Required action: Down to the last line, print the data that follows exactly, without its pictures.

+++ Dataset extract

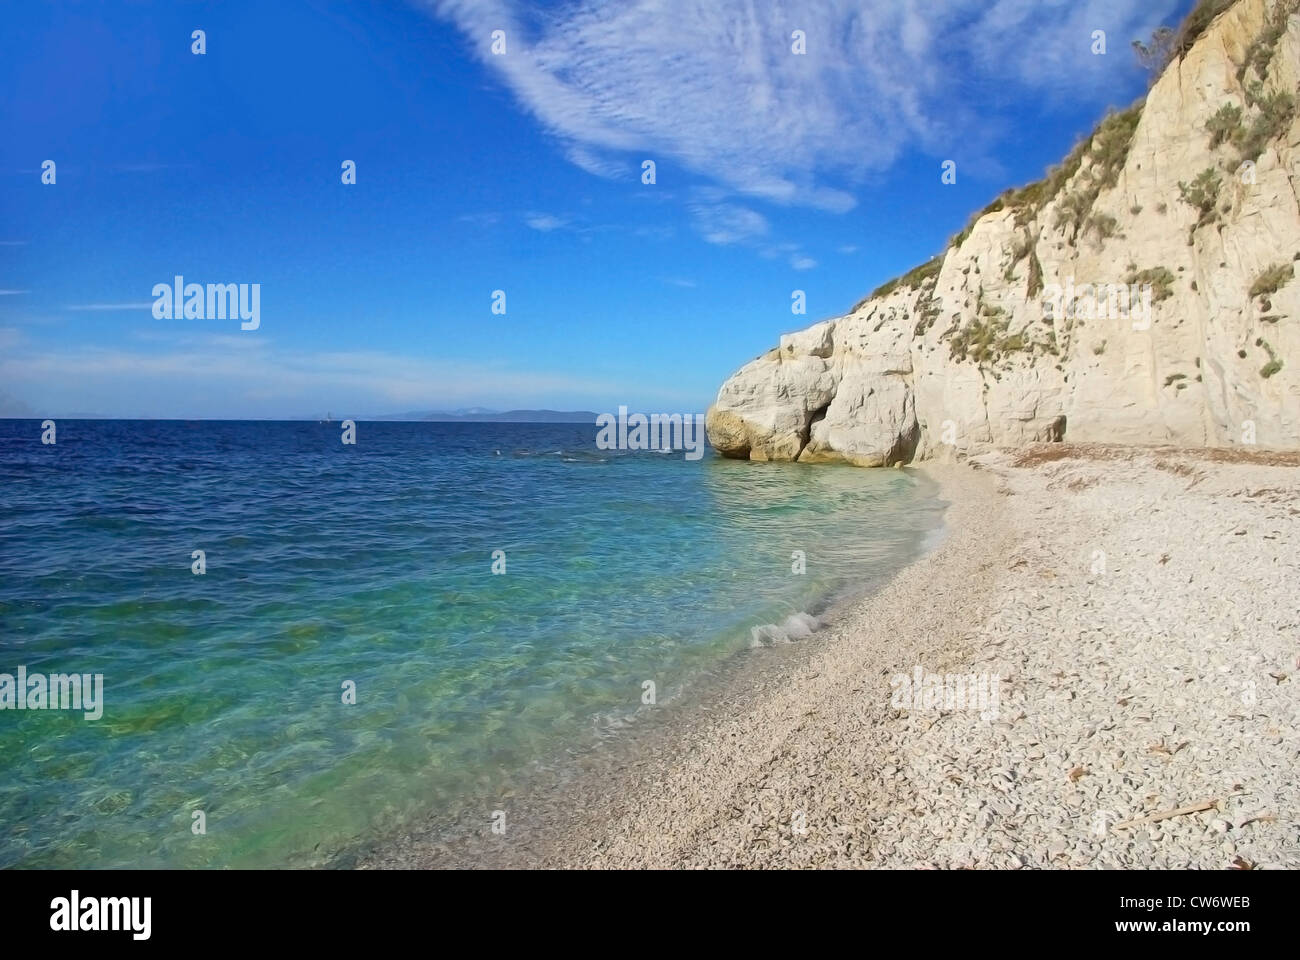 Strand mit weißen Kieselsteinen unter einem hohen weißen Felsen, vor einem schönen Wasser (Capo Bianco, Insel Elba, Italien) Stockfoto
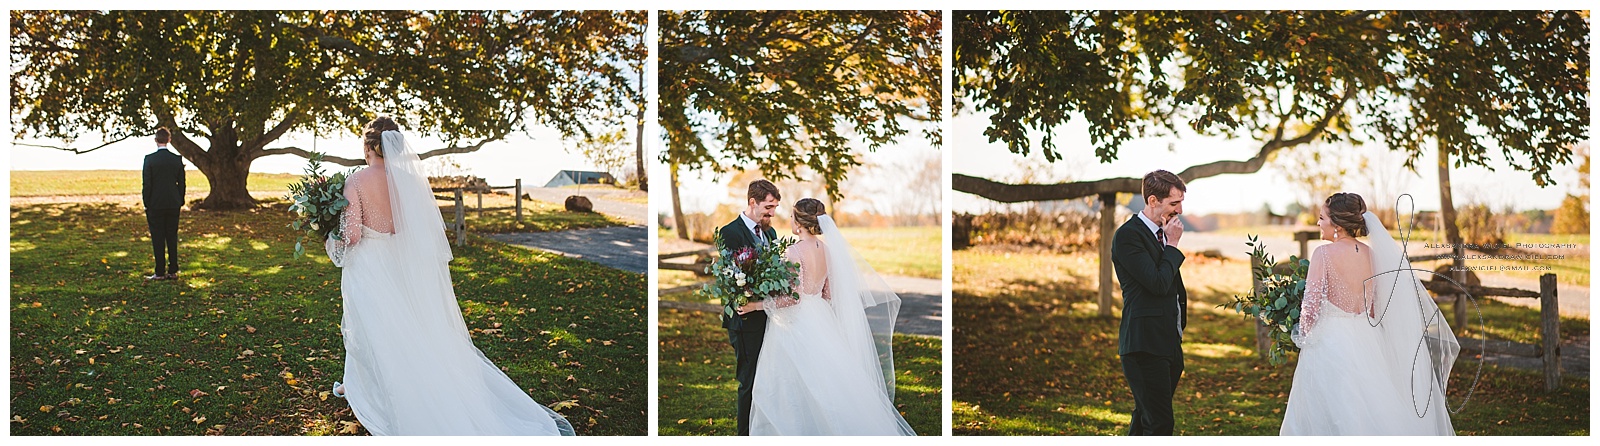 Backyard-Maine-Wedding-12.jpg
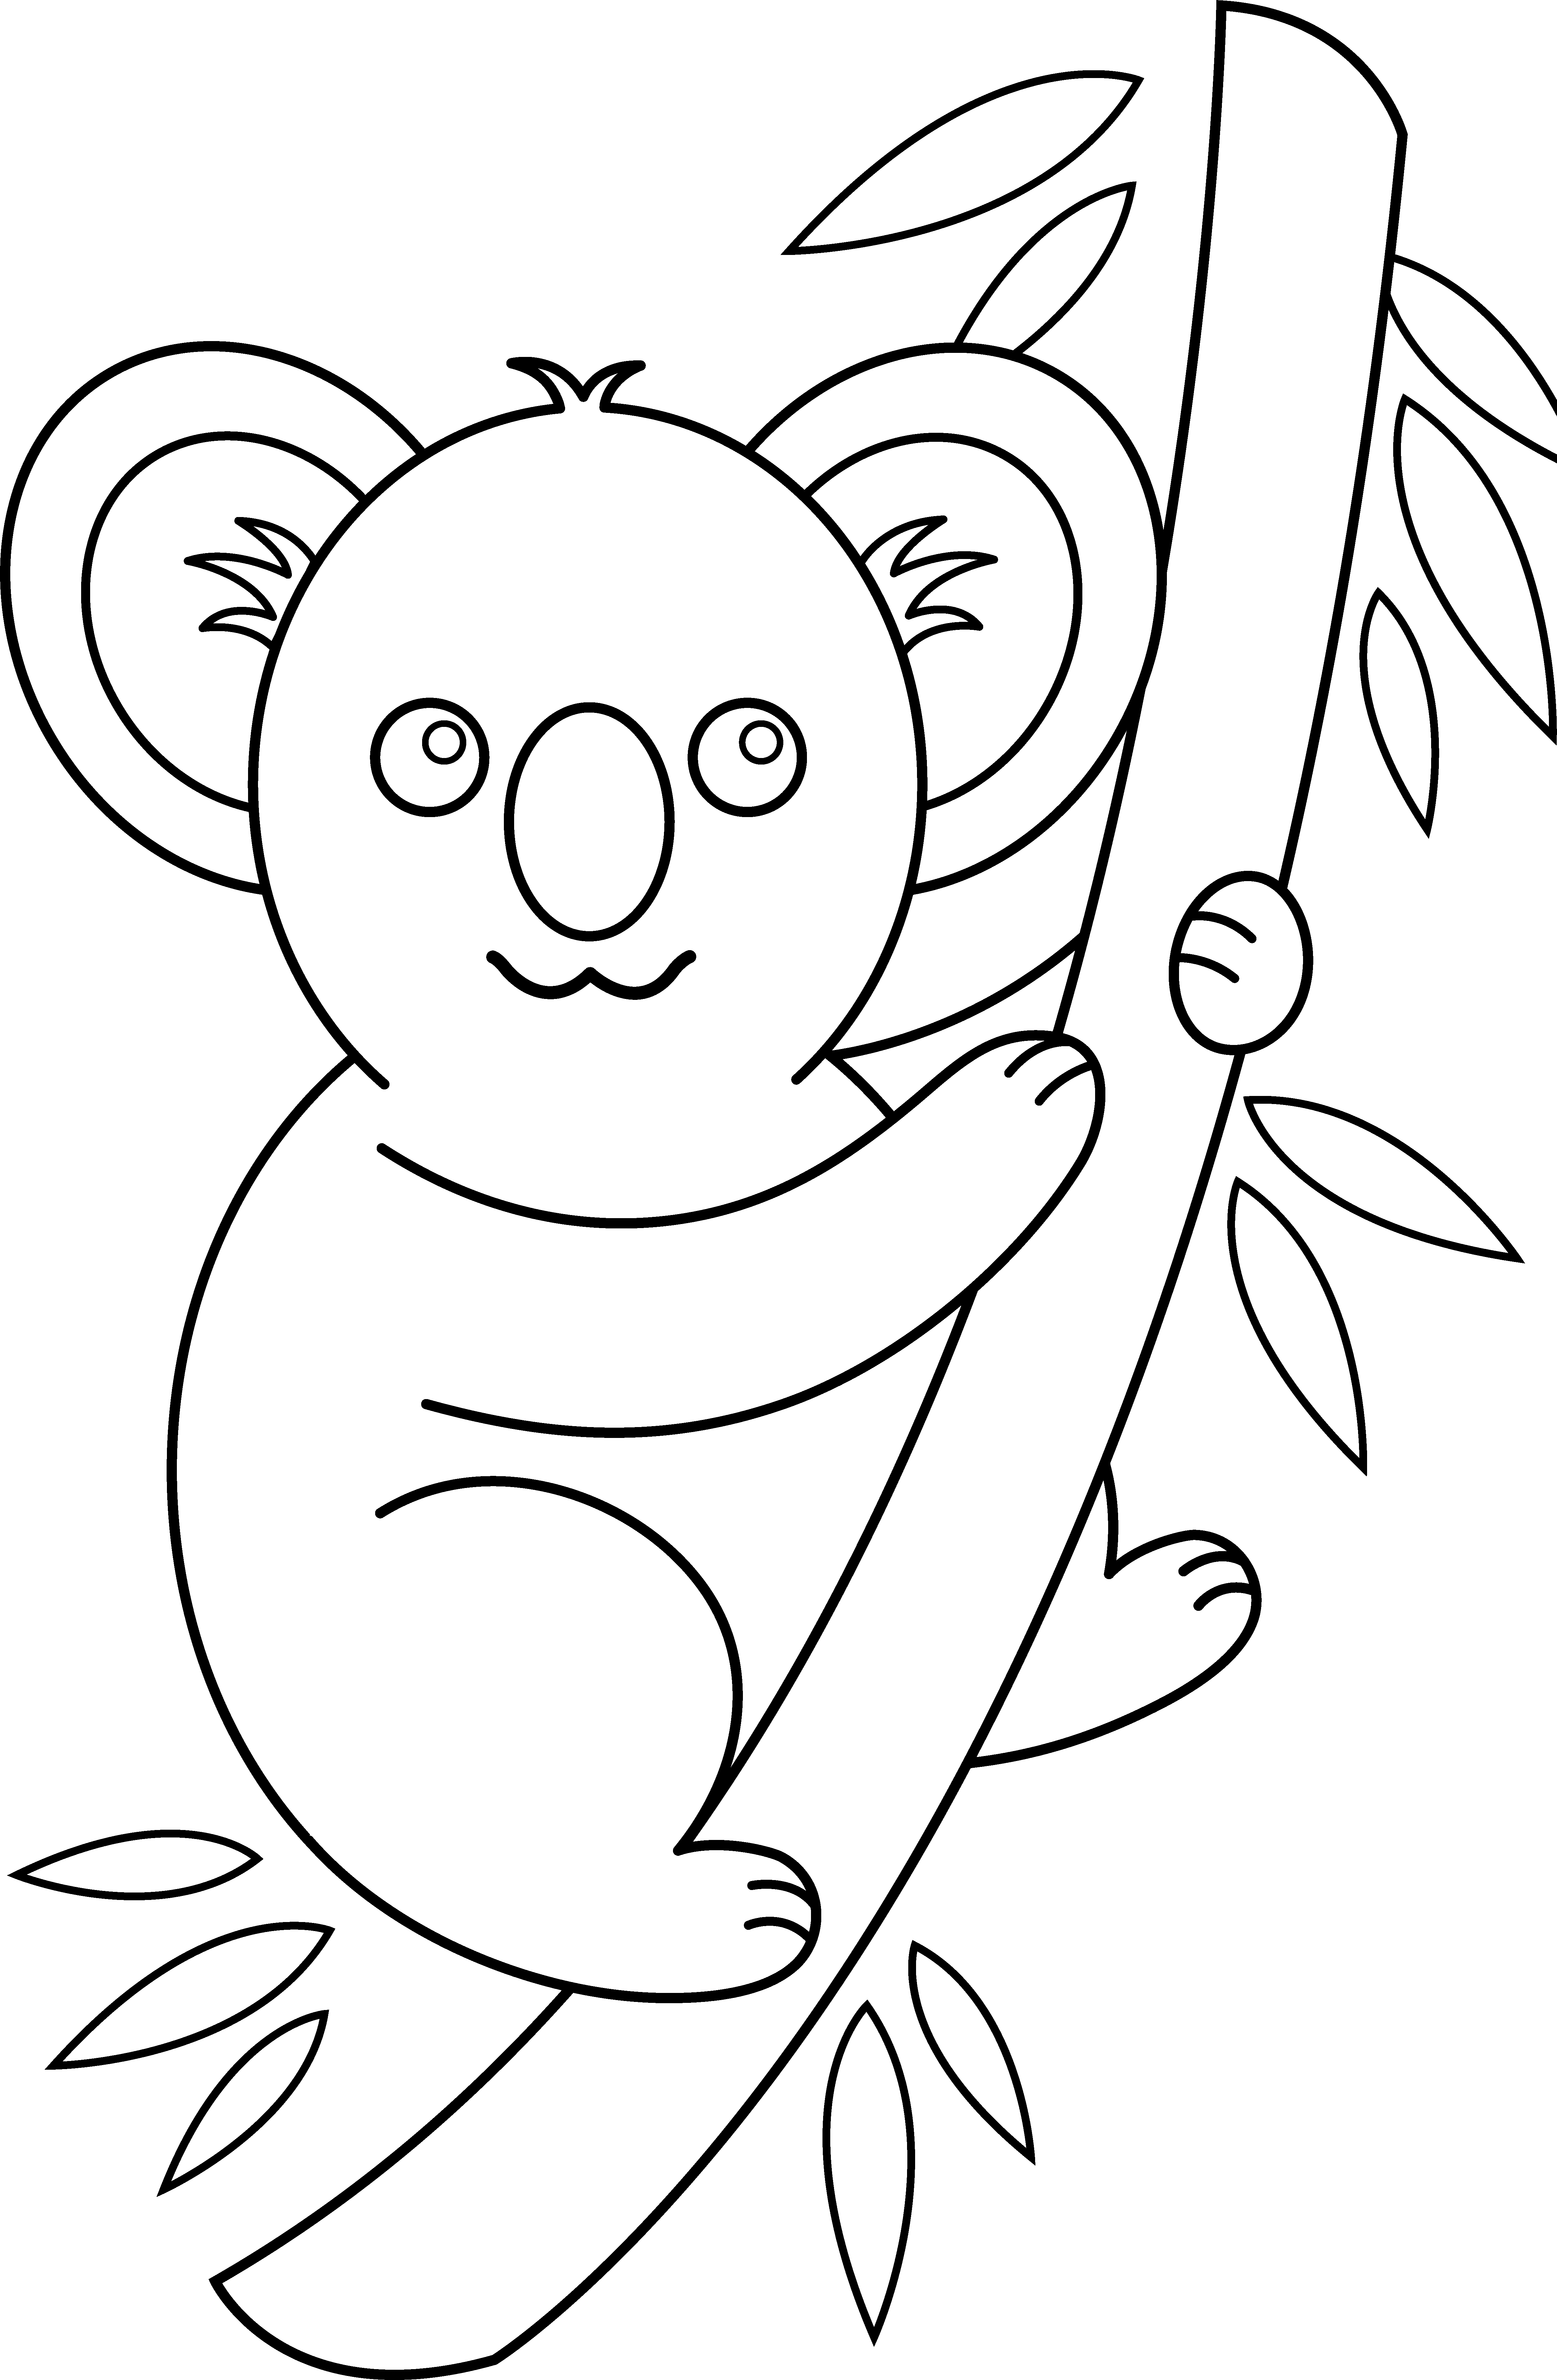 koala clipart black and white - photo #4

++++++

Task output:
 Strand mit weißen Kieselsteinen unter einem hohen weißen Felsen, vor einem schönen Wasser (Capo Bianco, Insel Elba, Italien) Stockfoto
 Backyard-Maine-Wedding-12.jpg
 koala clipart black and white - photo #4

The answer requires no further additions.